= Popular sovereignty =

Idea that the people are the source of all power

Popular sovereignty is the principle that the leaders of a state and its government are created and sustained by the consent of its people, who are the source of all political legitimacy. Popular sovereignty, being a principle, does not imply any particular political implementation. Benjamin Franklin expressed the concept when he wrote that "In free governments, the rulers are the servants and the people their superiors and sovereigns".

==Origins==

Defensor pacis by Marsilius of Padua provoked a storm of controversy when it appeared in 1324 by advocating a form of republicanism that views the people as the only legitimate source of political authority. Sovereignty lies with the people, and the people should elect, correct, and, if necessary, depose its political leaders.

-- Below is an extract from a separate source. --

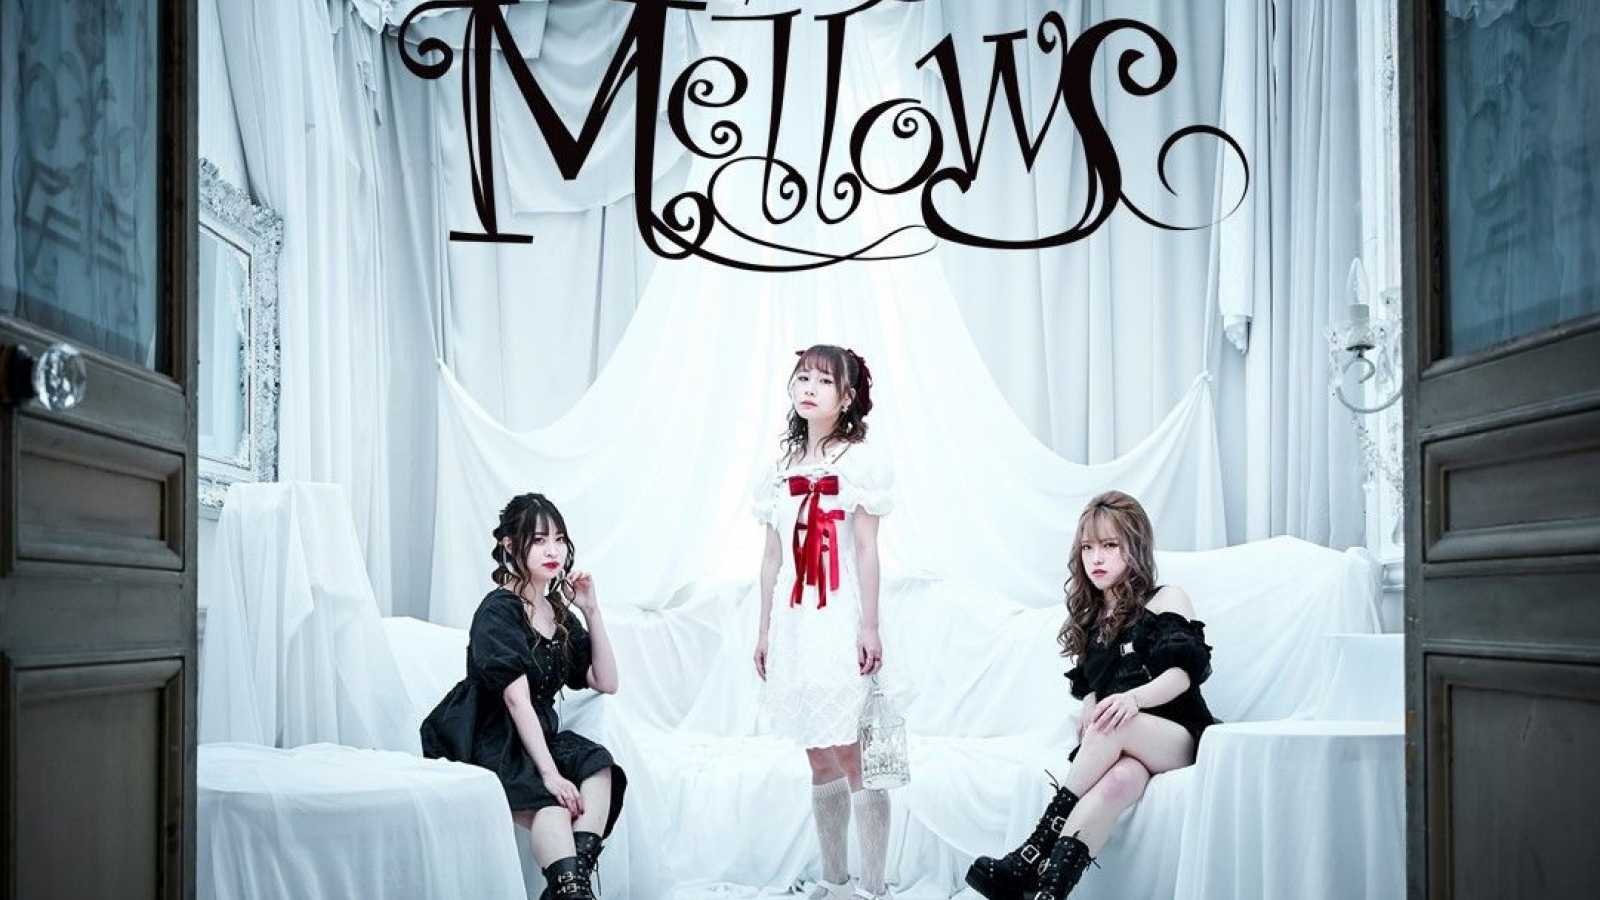 1er album pour Mellows © Mellows. MASHUP RECORDS. All rights reserved.

Further development of the theory of popular sovereignty is found among the School of Salamanca (see e.g. Francisco de Vitoria (1483–1546) or Francisco Suarez (1548–1617)). Like the theorists of the divine right of kings and Locke, the Salamancans saw sovereignty as emanating originally from God. However, unlike the divine right theorists and in agreement with Locke, they saw it as passing from God to all people equally, not only to monarchs.

Popular sovereignty in its modern sense is an idea that dates to the social contract school represented by Thomas Hobbes (1588–1679), John Locke (1632–1704), and Jean-Jacques Rousseau (1712–1778). Rousseau authored a book titled The Social Contract, a prominent political work that highlighted the idea of the "general will". The central tenet of popular sovereignty is that the legitimacy of a government's authority and of its laws is based on the consent of the governed. Hobbes, Locke, and Rousseau all held that individuals enter into a social contract, voluntarily giving up some of their natural freedom, so as to secure protection from the dangers inherent in the freedom of others. Whether men are seen as naturally more prone to violence and rapine (Hobbes) or to cooperation and kindness (Rousseau), the idea that a legitimate social order emerges only when liberties and duties are equal among citizens binds the social contract thinkers to the concept of popular sovereignty.

Republics and popular monarchies are theoretically based on popular sovereignty. However, a legalistic notion of popular sovereignty does not necessarily imply an effective, functioning democracy. A party or even an individual dictator may claim to represent the will of the people and rule in its name, which would be congruent with Hobbes's view on the subject. Most modern definitions present democracy as a necessary condition of popular sovereignty.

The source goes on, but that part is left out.